The answer is the exact run of lines in the listing below from the line containing "Orlican L-40 Meta Sokol OK-KHN - Stock Image" up to and including the line containing "ドル円はレンジを上方にブレイクするも110円台を示現するには至らず", with pictures removed.

*** DATASET Section Begins ***

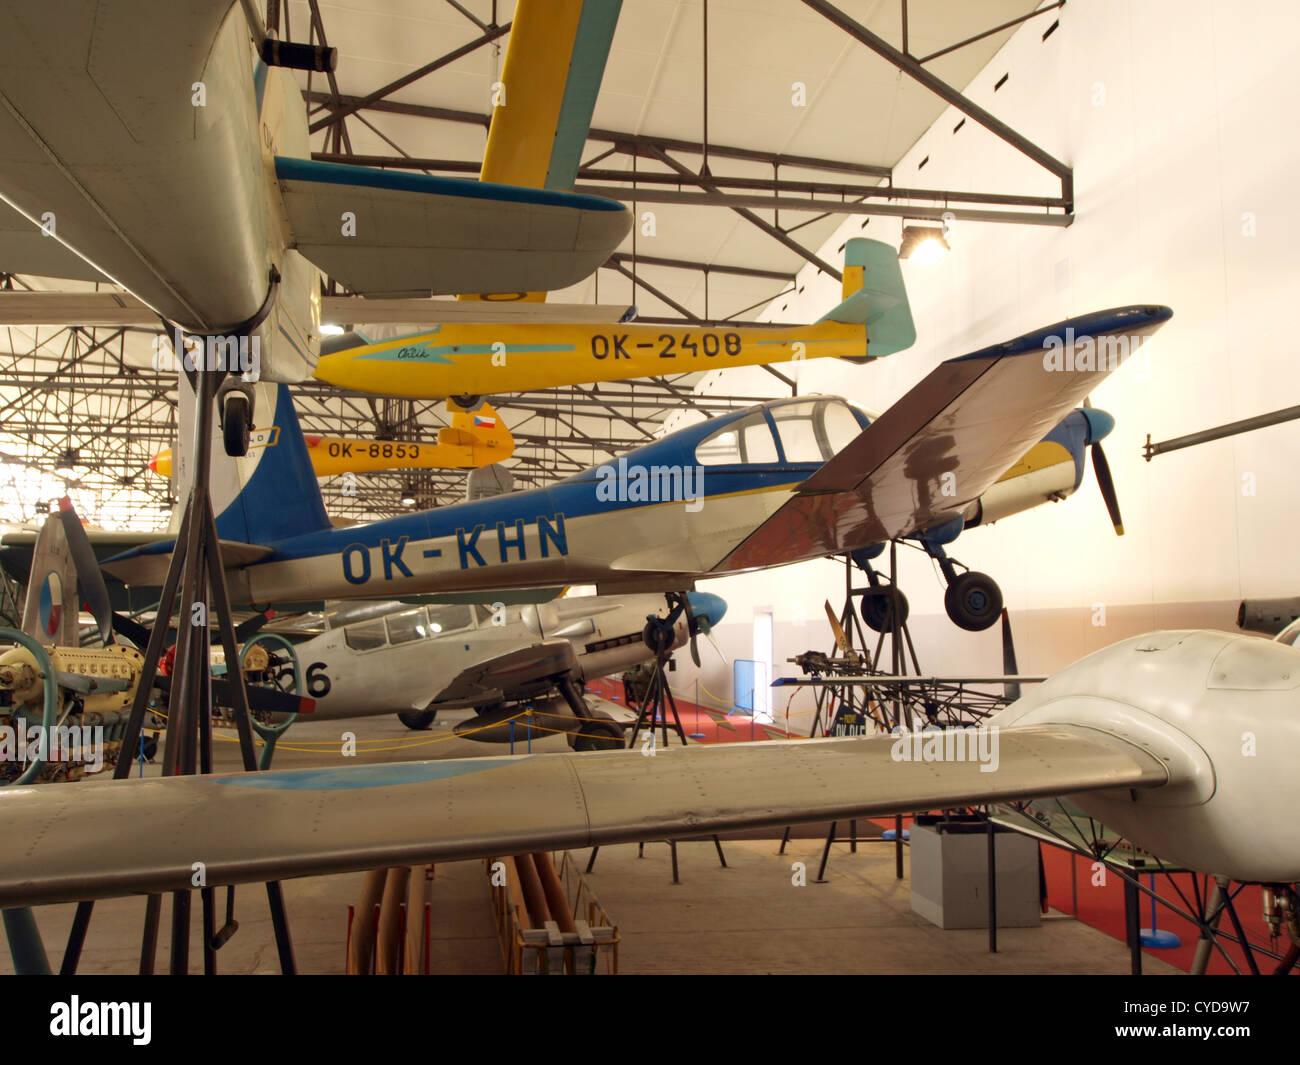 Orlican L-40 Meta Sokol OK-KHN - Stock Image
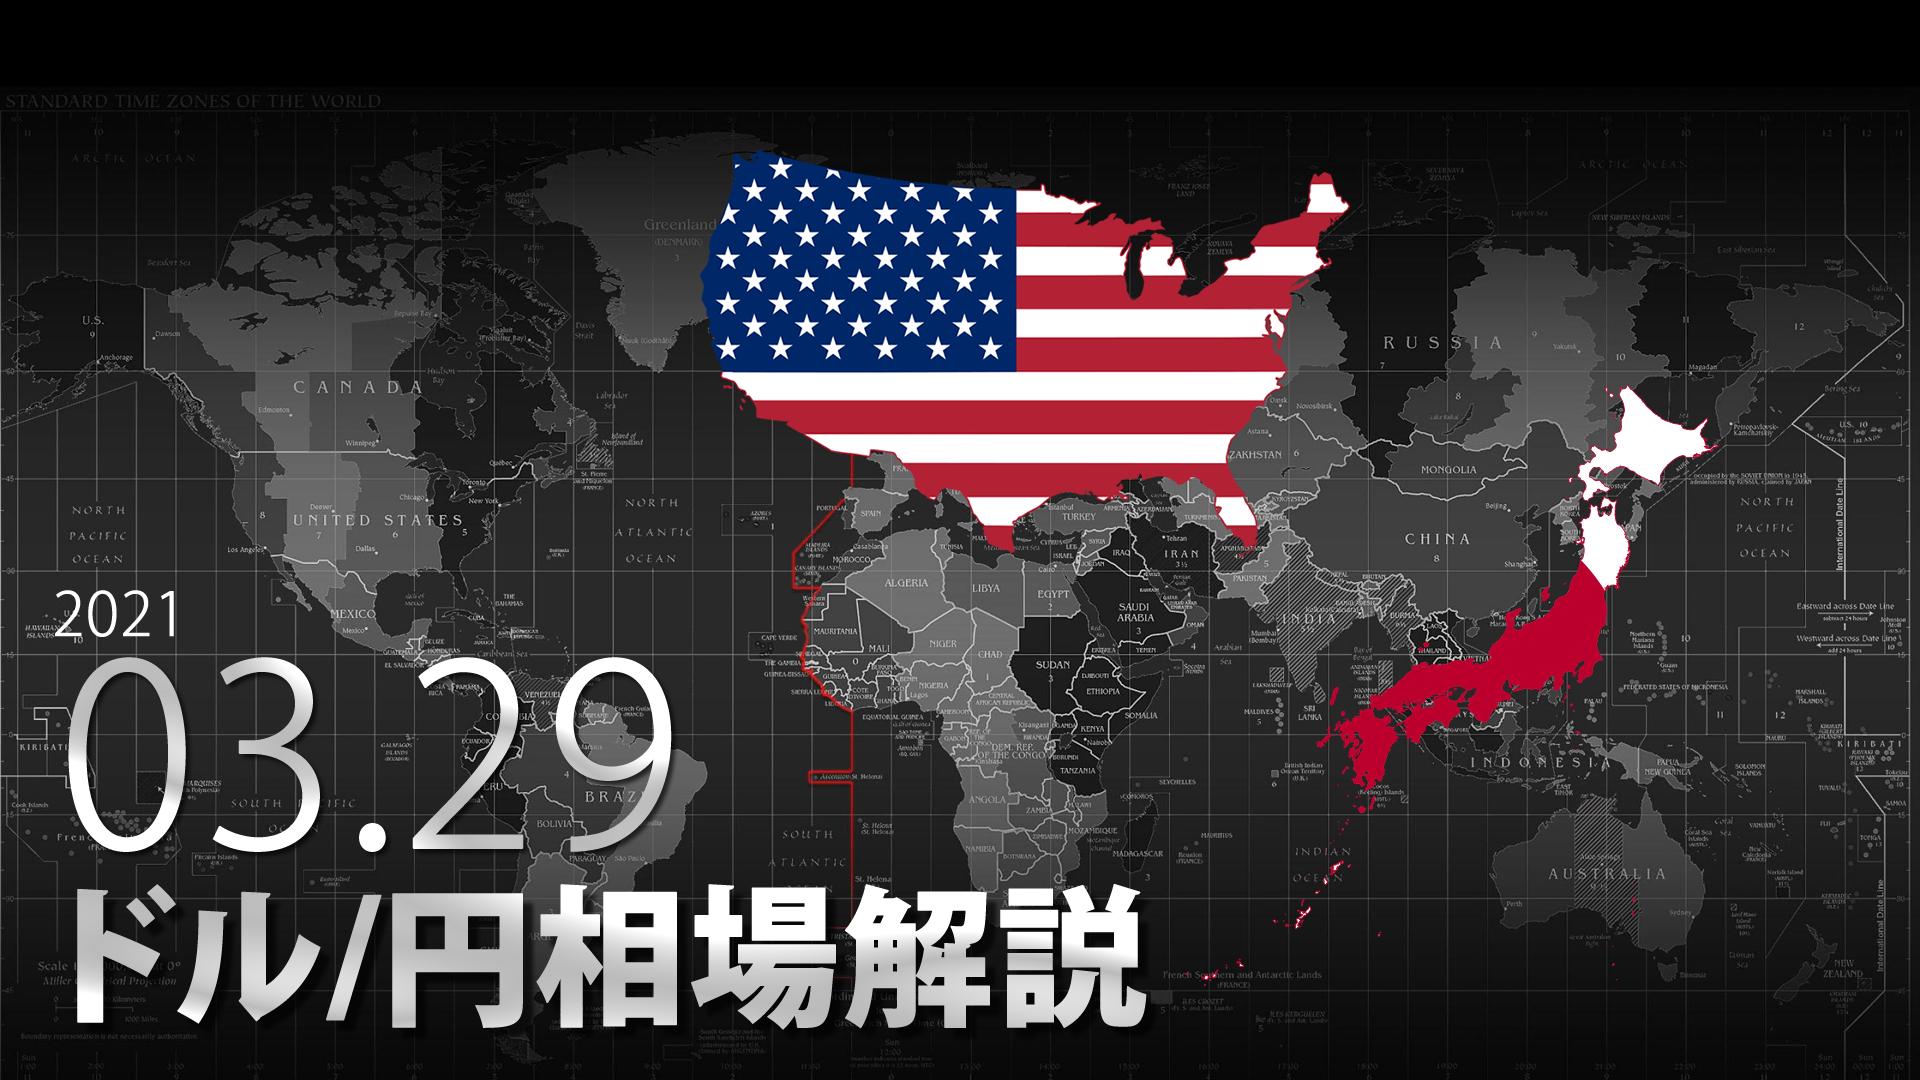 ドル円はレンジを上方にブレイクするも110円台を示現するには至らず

*** DATASET Section Ends ***
*** DATASET Section Begins ***

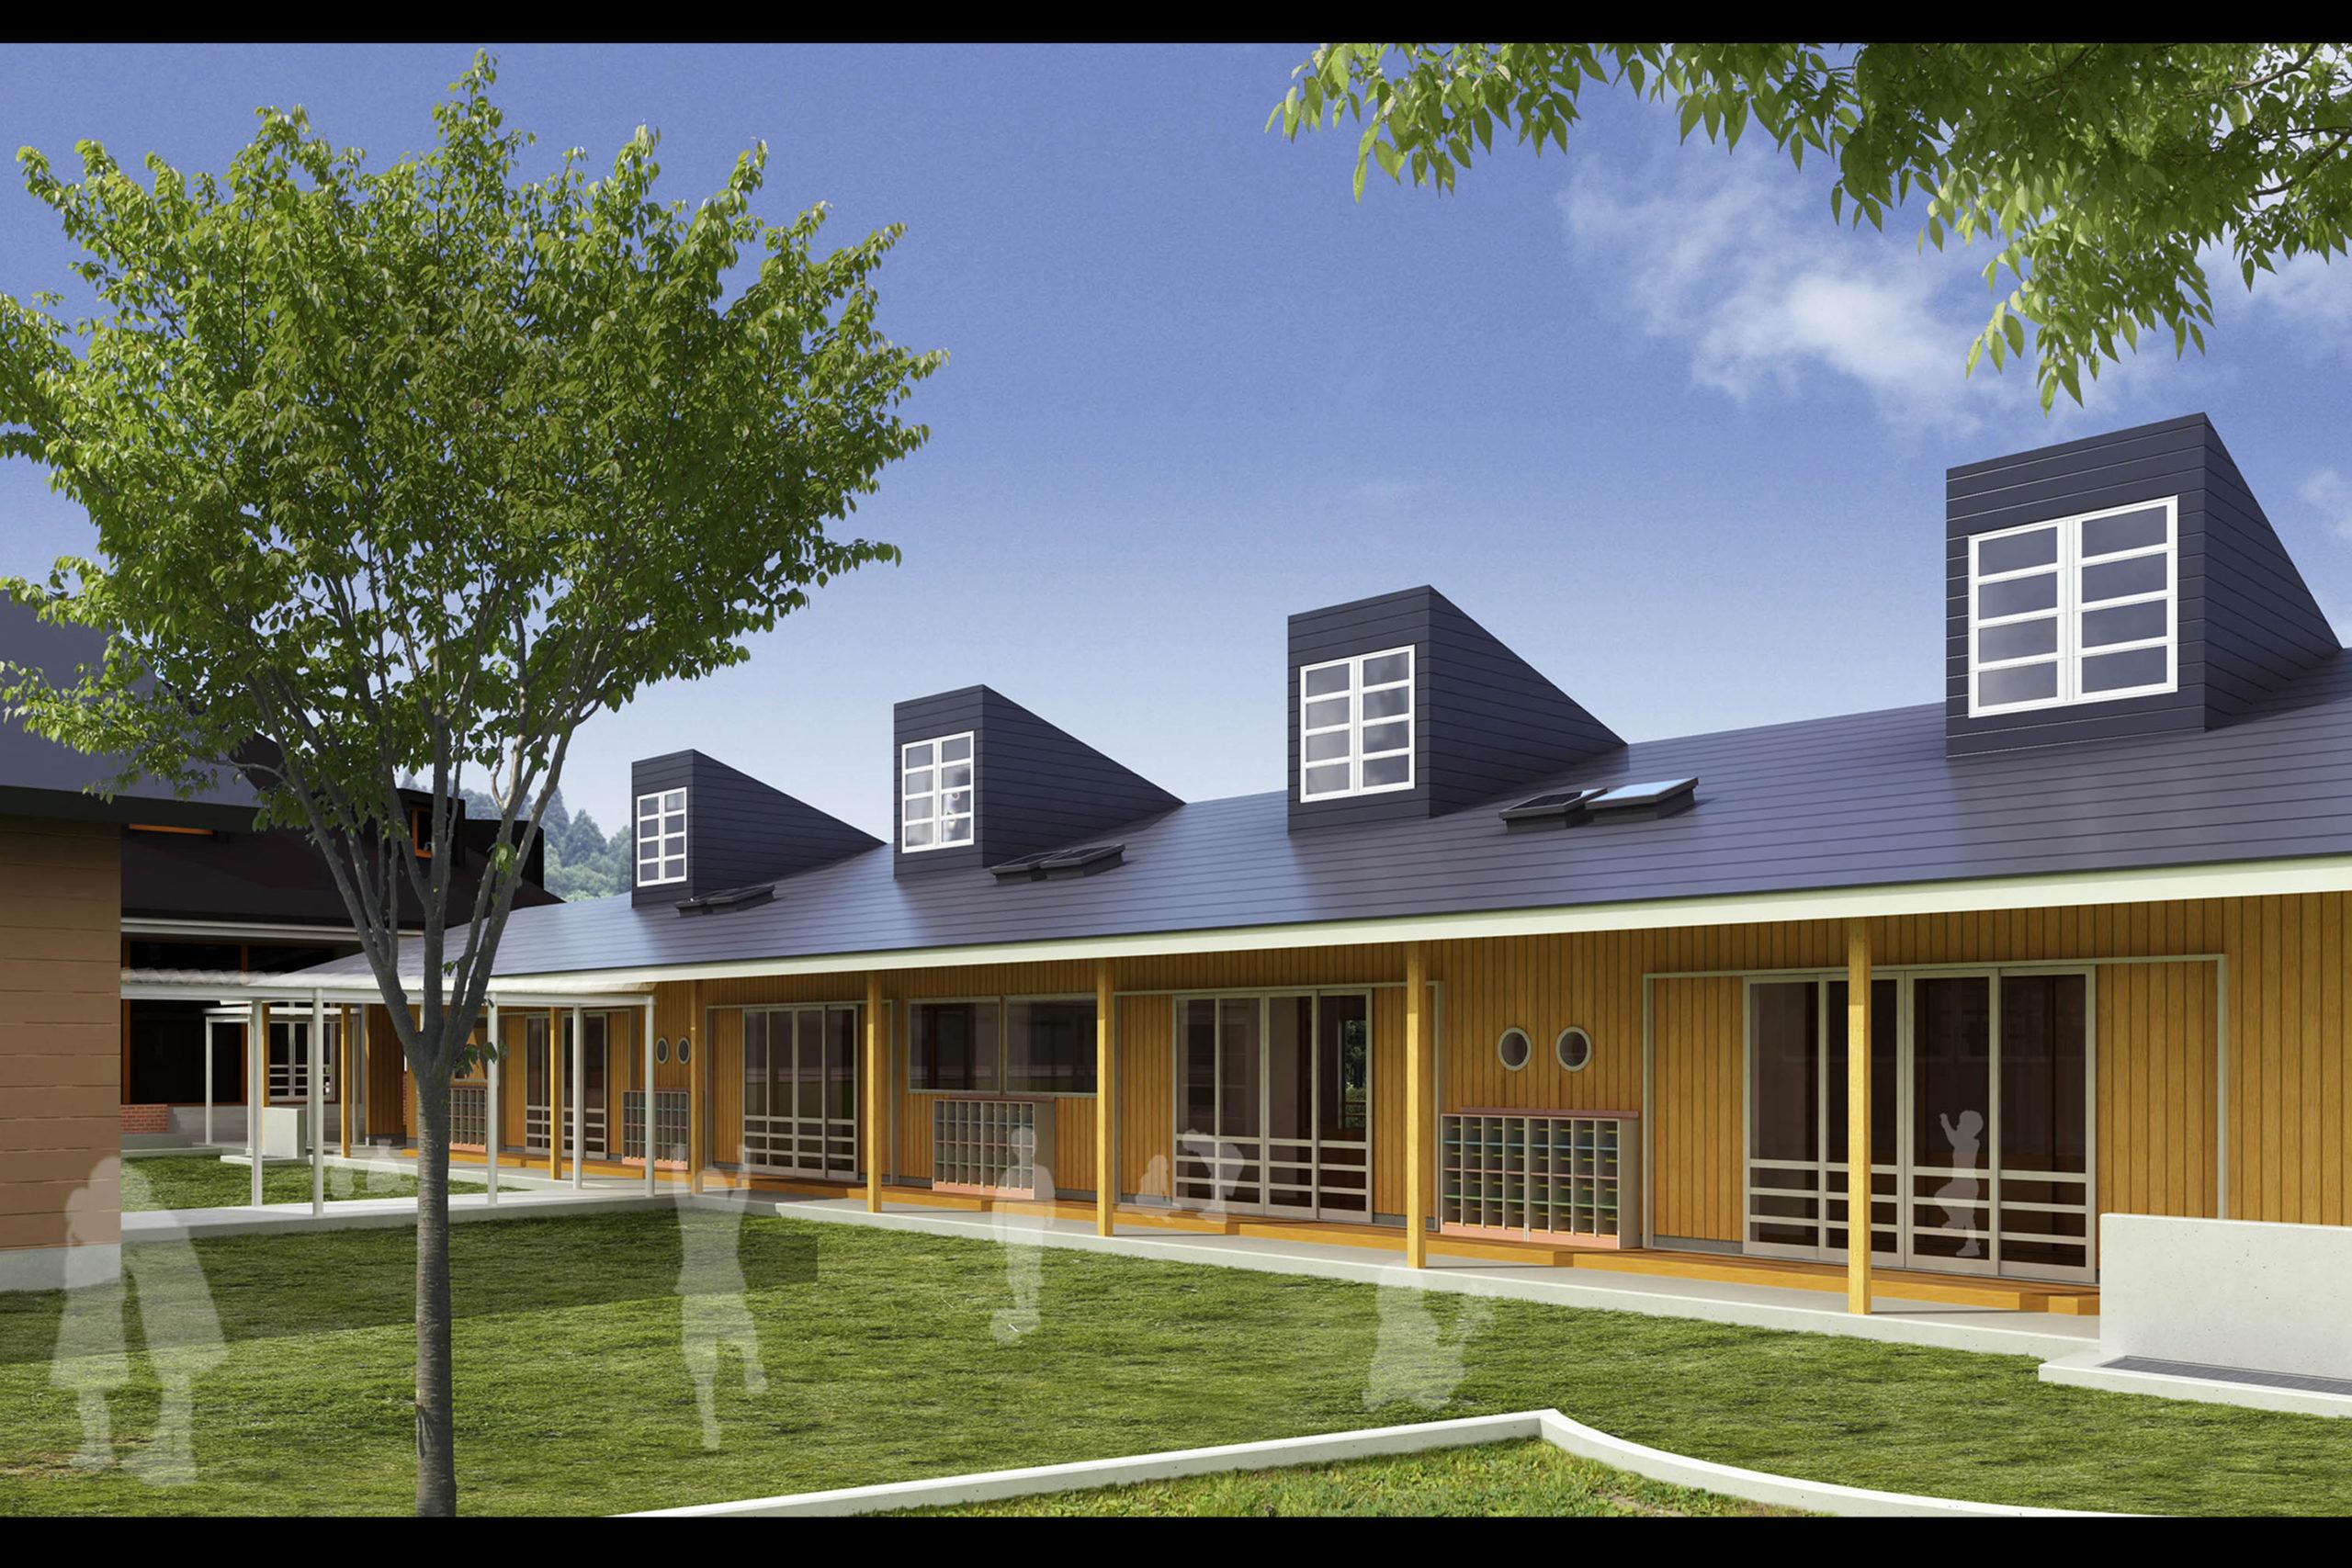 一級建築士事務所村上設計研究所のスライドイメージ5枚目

*** DATASET Section Ends ***
*** DATASET Section Begins ***

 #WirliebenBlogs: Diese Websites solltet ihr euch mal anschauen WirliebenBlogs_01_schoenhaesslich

*** DATASET Section Ends ***

# RESPONSE TO THIS TASK
 Orlican L-40 Meta Sokol OK-KHN - Stock Image
 ドル円はレンジを上方にブレイクするも110円台を示現するには至らず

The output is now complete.